8. The Fiery Furnaces – I’m Going Away
I placed this album at #4, and again no one else gave it attention. I have no idea why. I haven’t heard any of their other albums. Perhaps their earlier releases are even better? This jazzy indie disc contains some of the catchiest songs I’ve ever heard. Just listen to the last track, Take Me Around Again, and try and tell me you don’t walk around singing the barely sensible lyrics for weeks on end.
9. The xx – xx
Here’s another album I haven’t heard yet. The reviews I’ve read of this really make me think I’ll hate it, but as the only other album that made both polls’ top 5 there surely must be some merit to it. I said the same thing about M83 last year, and Saturdays = Youth became a staple album for me in the months that followed. Maybe I won’t be so lucky this go around, but love it or hate it I would be doing my music sensibilities an injustice to not check it out. The same goes for you.
10. N.A.S.A. – The Spirit of Apollo
Has this discredited my entire list? Maybe. It didn’t place in either poll, but the Pitchfork editors gave it a 1 out of 10, so there must be something good about it.

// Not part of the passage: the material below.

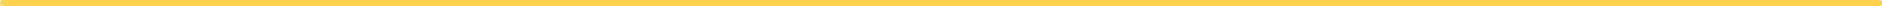 Linea color amarillo

They went so far as to write up an eight paragraph review about how impressively unpretentious it is. “[The] beats on this album are total washed-out dorm-room funk . . . “The People Tree” is an excessively polite bloopy organ groove. “Way Down” is the reason acid jazz no longer exists. “Hip Hop” is a horribly boring attempt at ca. 1998 sunny smiley-face West Coast indie-rap. And on it goes.” In other words, this album ignores all expectations of taking music to a new level and just gets down to business with fun, catchy, simple songs that anyone can enjoy. You mean hip-hop doesn’t have to be angry or arrogant? Amazing! I ranked it my 3rd favorite of the year.